I was riding in a Park-Who's-Name-Must-Not-Be-Spoken in the South Bay, and I saw a couple riding a Santa Cruz tandem. This park has more log-crossings than any place I've ever ridden, so that was what impressed me at first. But then I started thinking about it: A Santa Cruz tandem? They don't make those, do they? Well, they made at least one. I can attest to that.

Has anyone heard of these?:skep:


----------



## Trails4Two (May 12, 2008)

Was it this one? http://www.singletrackworld.com/article.php?sid=2817

I checked with them about four years ago and was told that they had no time to build tandems...I guess Ventana will have to do.


----------



## TandemGeek (Mar 14, 2004)

There are two of them.... From my Website's Bulletin Board.

4 Oct - 2nd Santa Cruz F/S Tandem Sighted - You may recall we posted a spy-shot of a Santa-Cruz one-off, full-suspension tandem built for an employee back in November of 2006 sitting at a shopping center in Whistler, British Columbia. At that time is was thought to be one of two, er.... I guess that makes it a two-off. Anyway, my search engine recently snagged a blog item from this past April's Seat Otter where the second bike was caught on camera characterized as being built for a 'special client'.


----------



## Octane (Mar 16, 2004)

There are several Santa Cruz tandems. They had a batch of the bullit/heckler rear-ended frames built up a few years ago, I think 10 or 12. 2 or 3 of these were at SOC. Also they have the one-off V10 tandem that was at SOC this past year. 
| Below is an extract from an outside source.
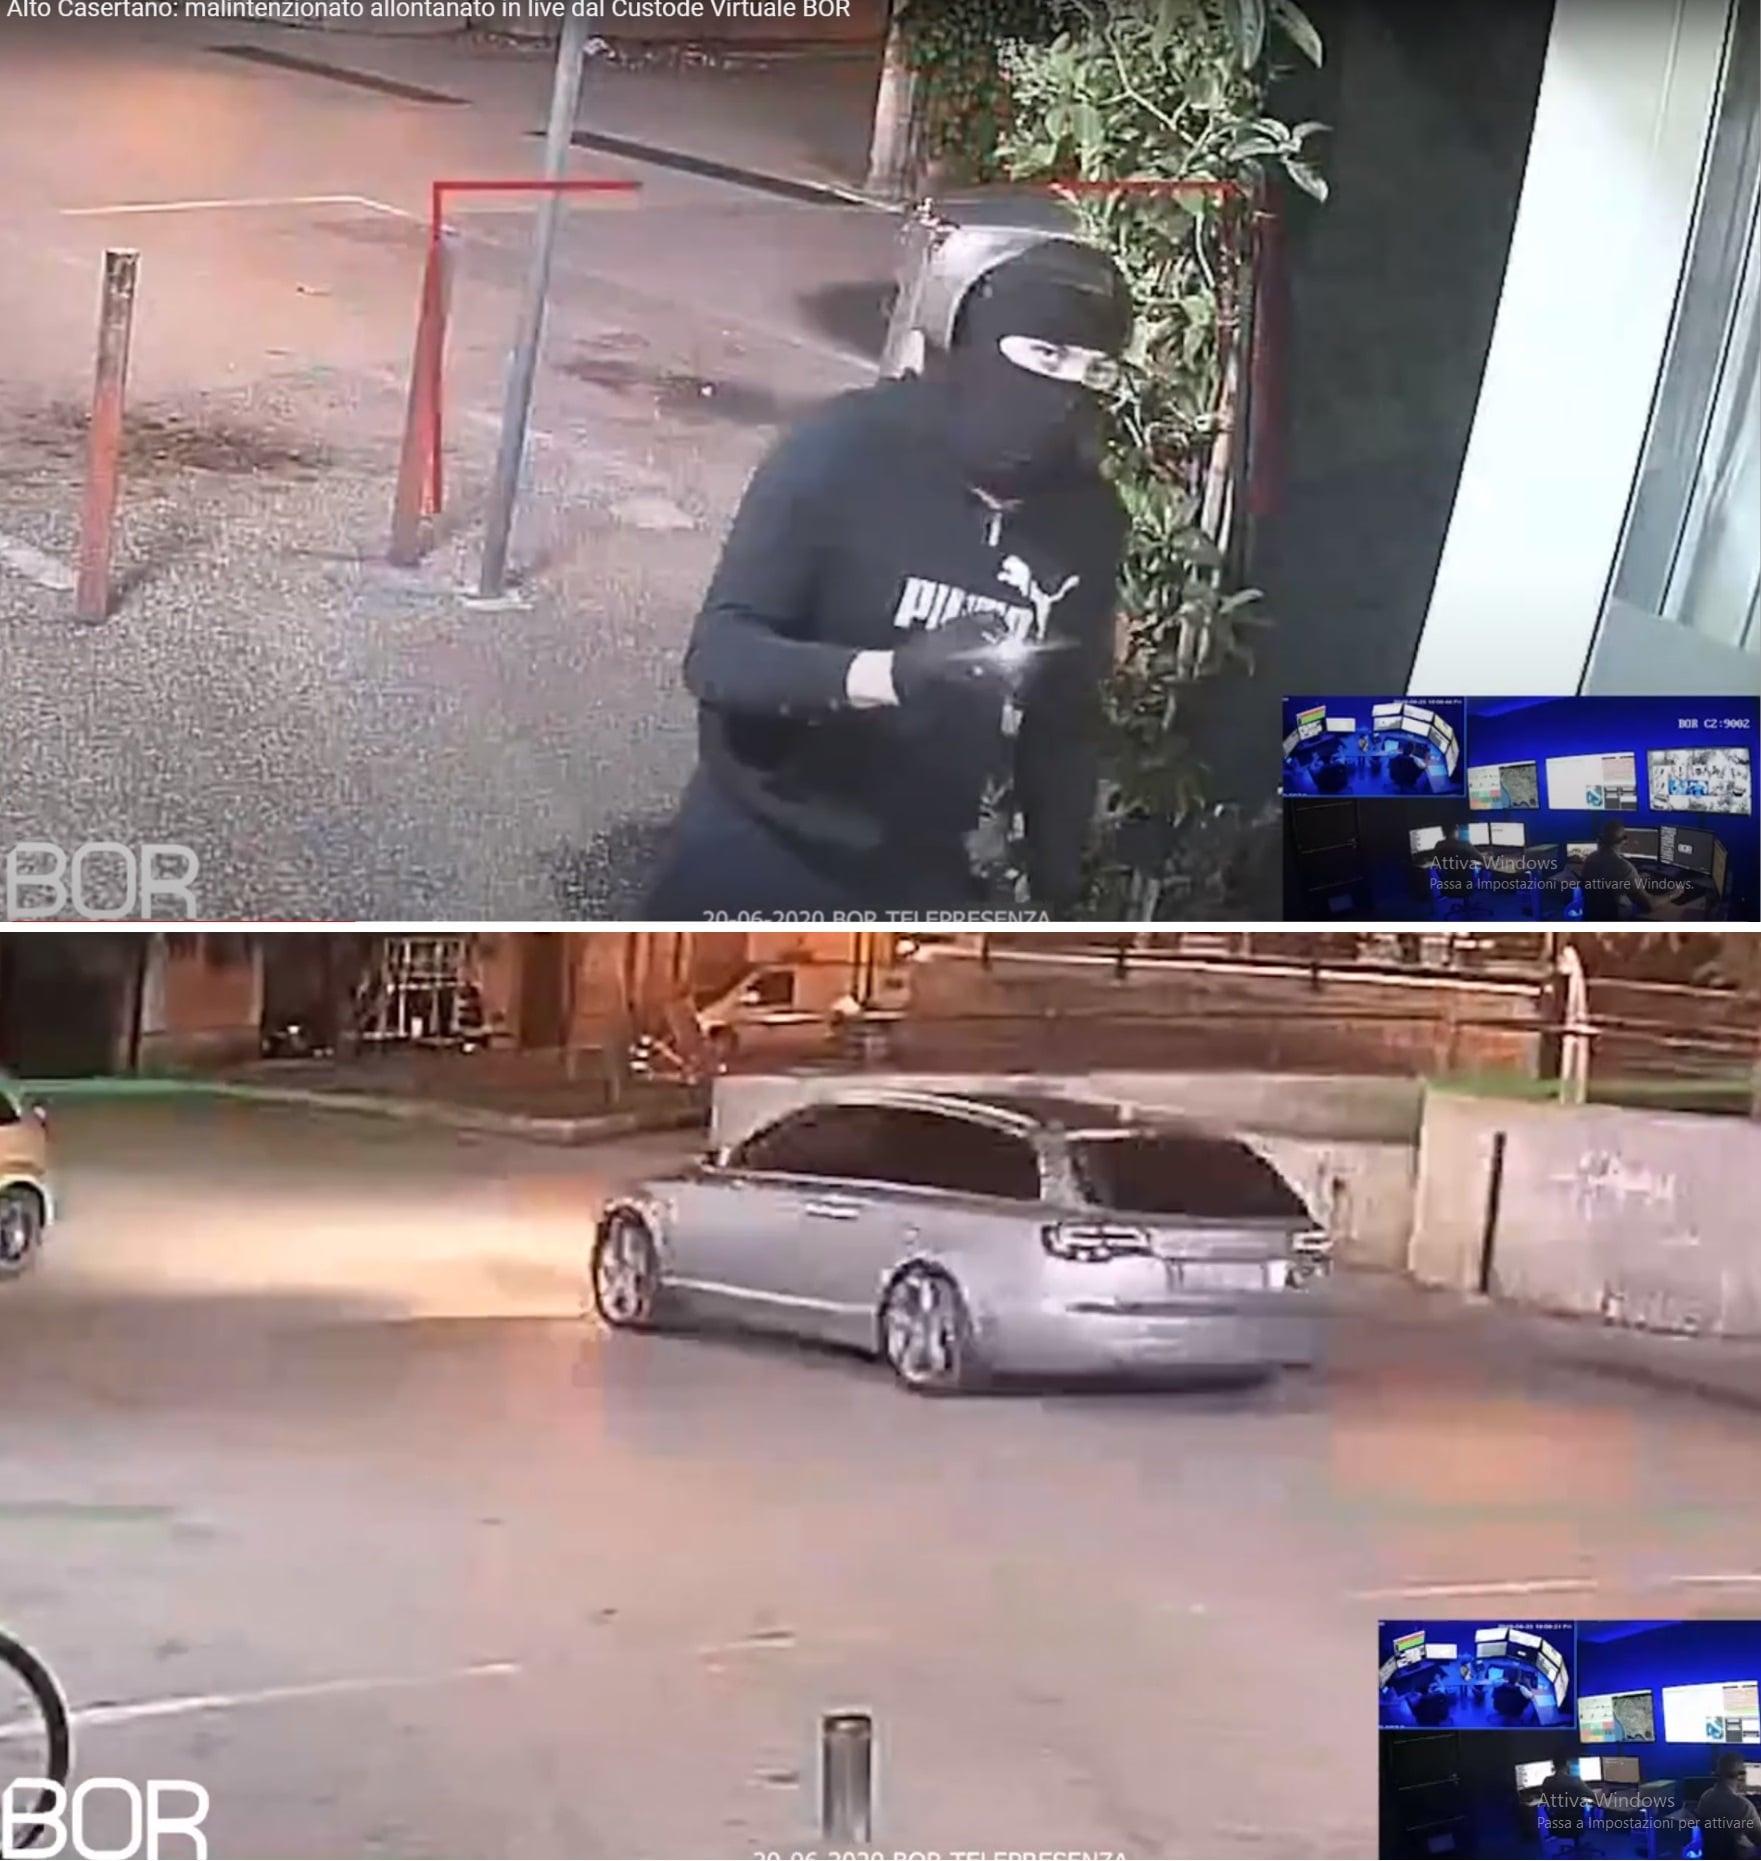 Come fanno i ladri a scegliere l'auto giusta per fare un furto?

They are not for sale to the public.


----------



## TandemGeek (Mar 14, 2004)

Interesting... I didn't realize there were that many of them. Ya learn something new every day.


----------



## mtymxdh (Jan 14, 2005)

I know this is a very old thread, but I was watching this video and at 2:20 I could not believe what my eyes were looking at.. a Santa Cruz chameleon tandem!!! wow. googled Santa Cruz Tandem and I landed in this thread..

at the end you can see another Heckler/Bullit tandem






WANT!!!

in this page you can see a picture of another custom Santa Cruz I believe is a Heckler swingarm

The Tandem Link - Bulletin Board Archive


----------



## PMK (Oct 12, 2004)

Somewhere in England (?) is a Turner tandem. 
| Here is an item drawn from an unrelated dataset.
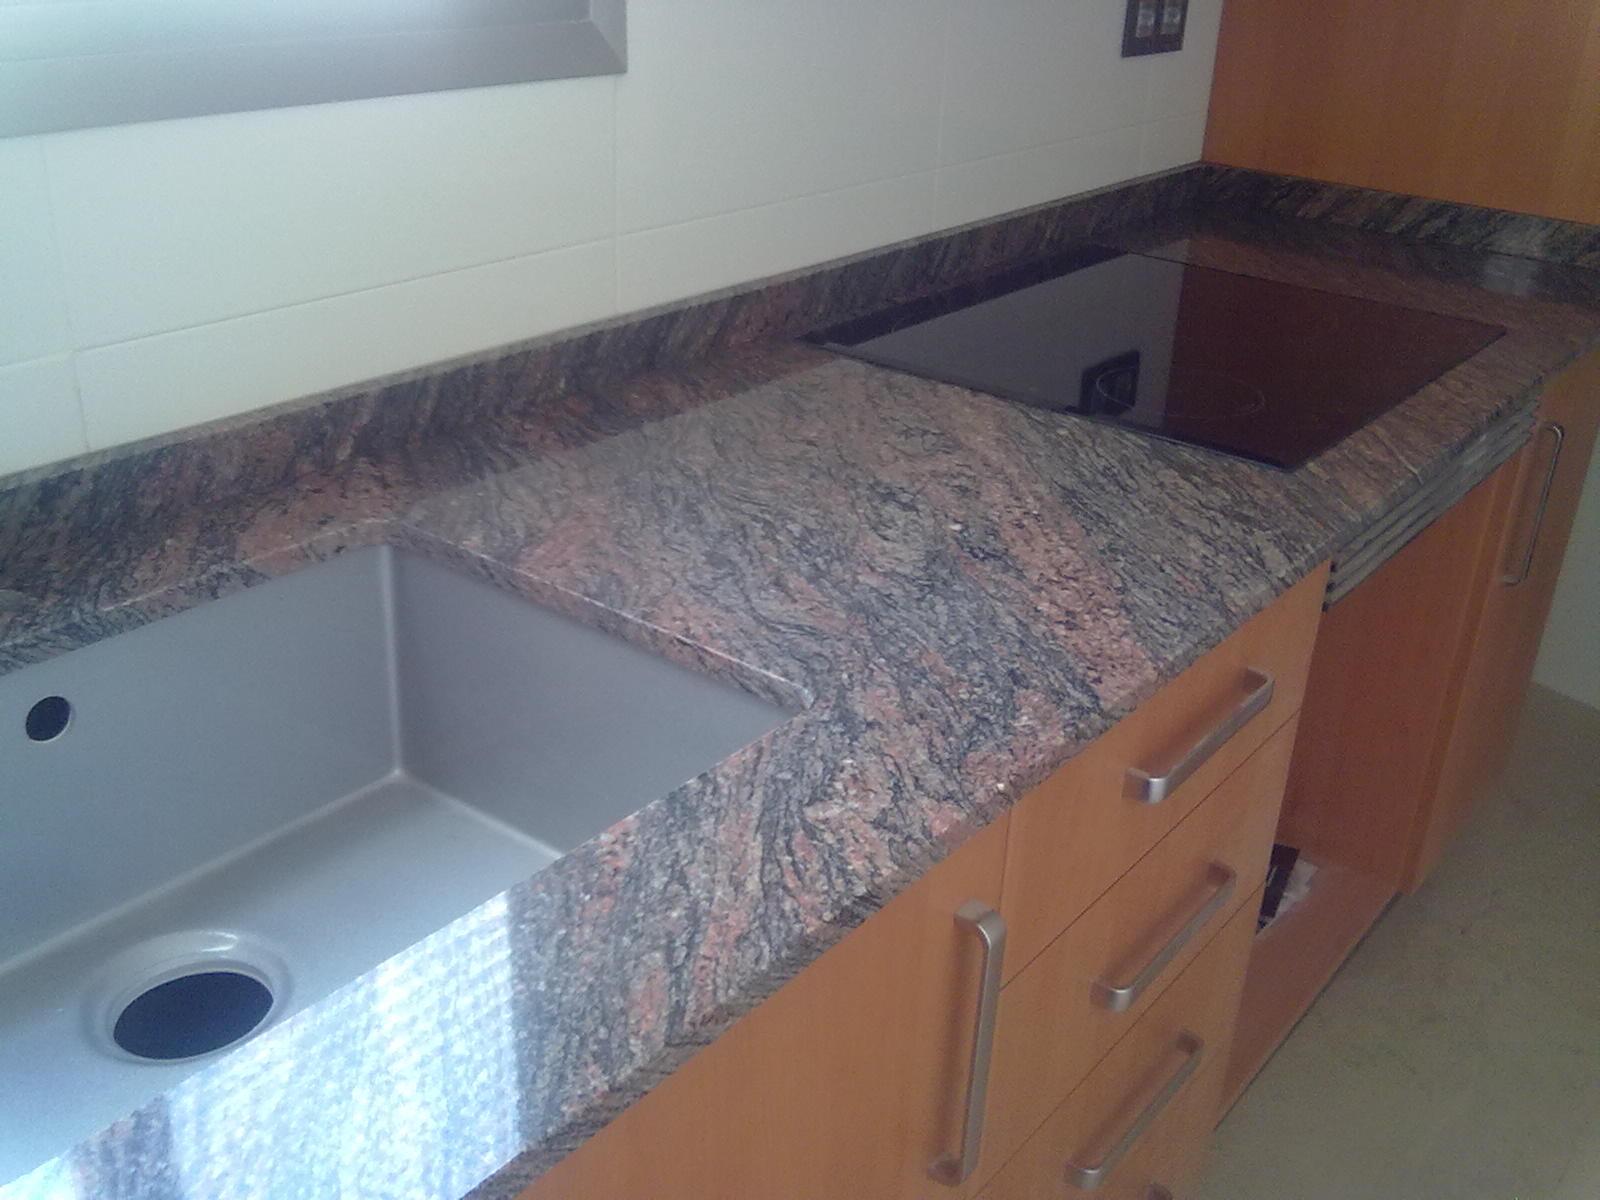 Marmoles vedat s l u encimera granito importado rosa - Colores de granito para encimeras de cocina ...

I also heard rumor of a Cannondale full suspension tandem too but have no proof of that.

Occasionally you see the GT suspension tandem posted with twin rear shocks. It was for sale last year I believe on ebay.
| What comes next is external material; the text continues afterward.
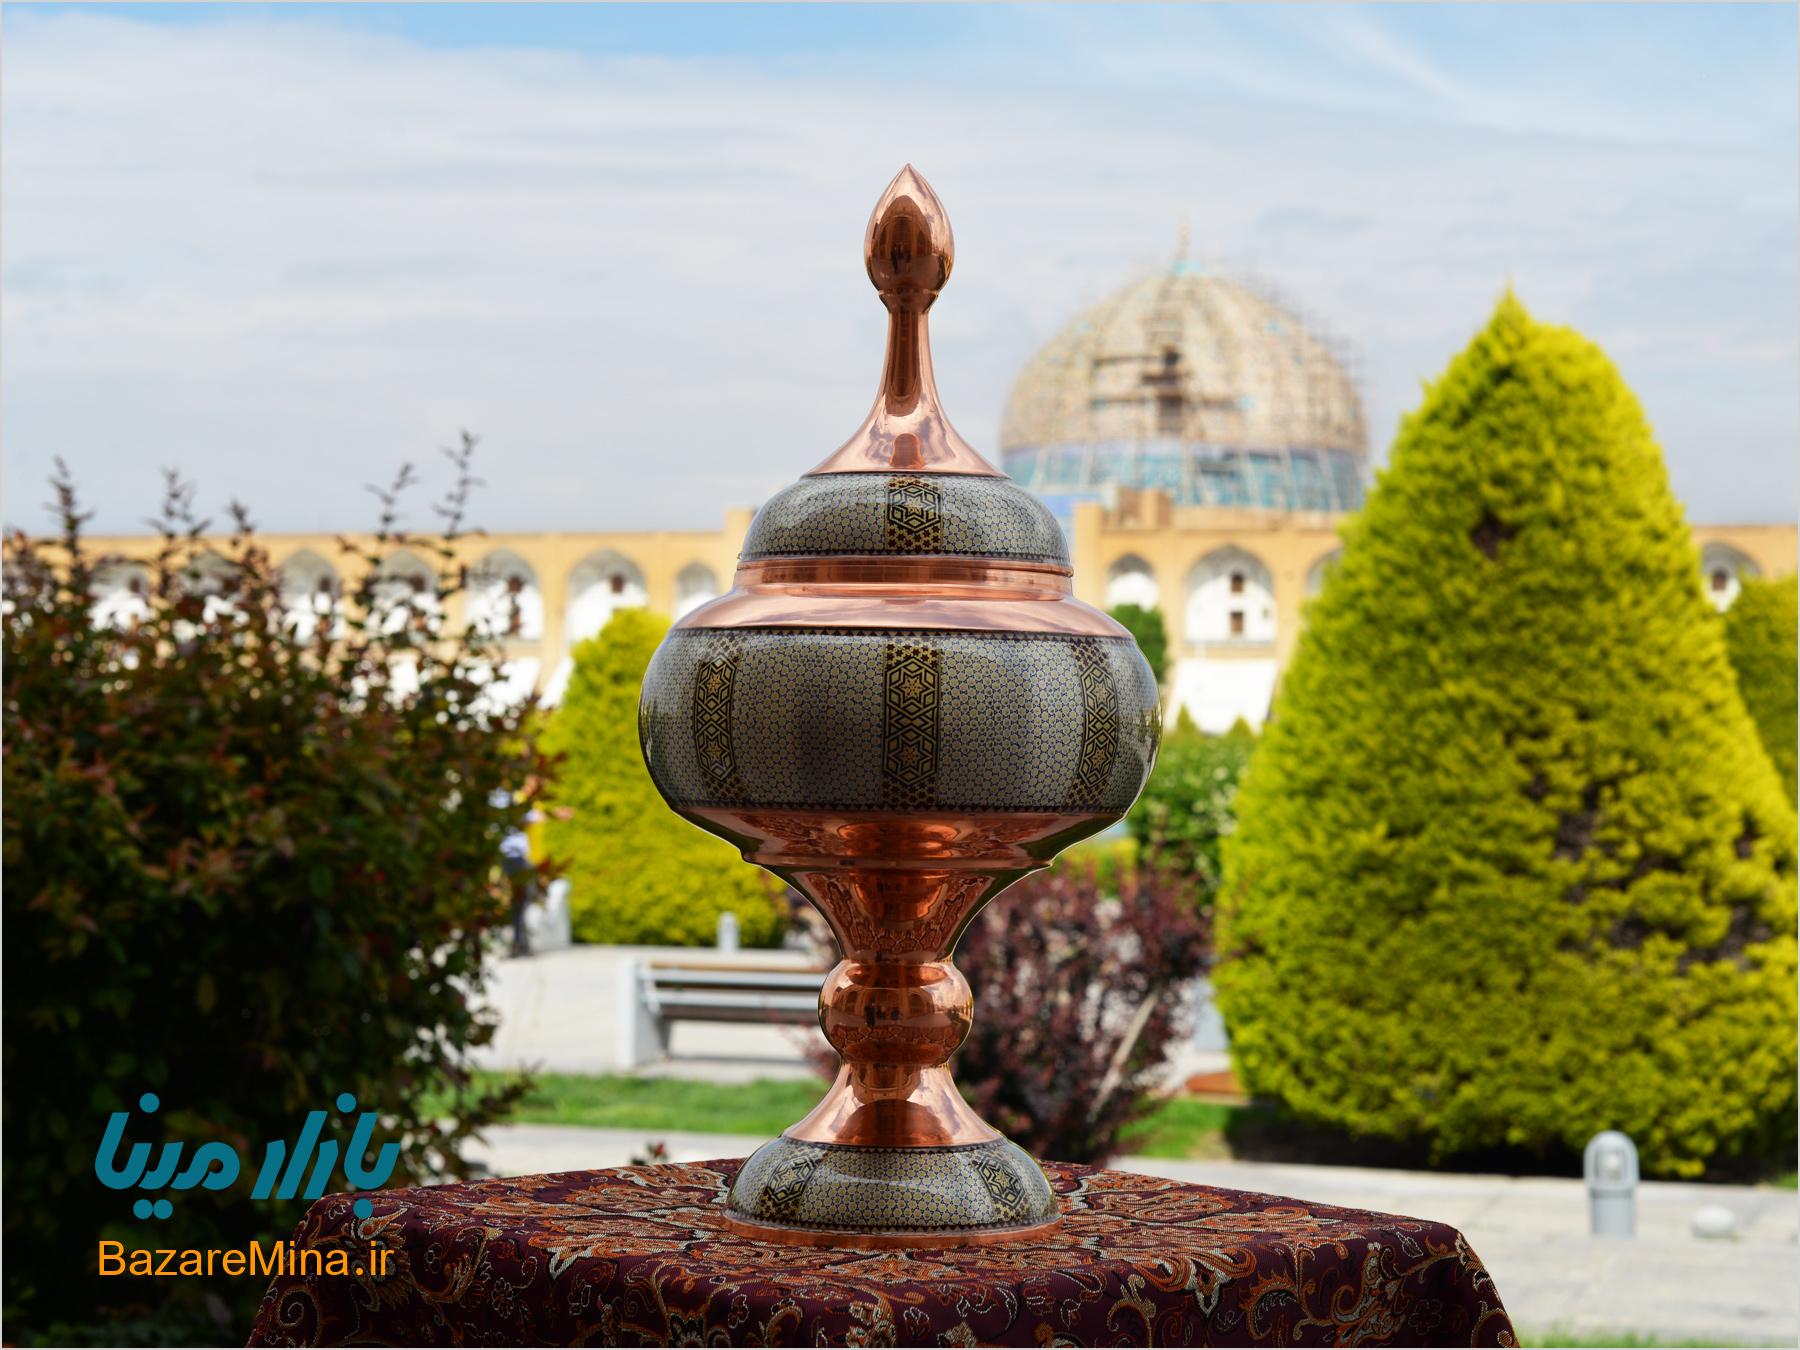 Khatam Kari of Isfahan

There are some rare machines that have been built, including some old school stuff like Fats and other bikes with a following.

PK


----------



## ebnelson (Oct 30, 2006)

Monsterstick said:


> I was riding in a Park-Who's-Name-Must-Not-Be-Spoken in the South Bay, and I saw a couple riding a Santa Cruz tandem. This park has more log-crossings than any place I've ever ridden, so that was what impressed me at first. But then I started thinking about it: A Santa Cruz tandem? They don't make those, do they? Well, they made at least one. I can attest to that.
> 
> Has anyone heard of these?:skep:


That was probably Brent and April. She works for Santa Cruz. My brother says they get out on it at least once every 2 to 3 weeks.


----------



## reamer41 (Mar 26, 2007)

Tallboy LT tandem, please!


----------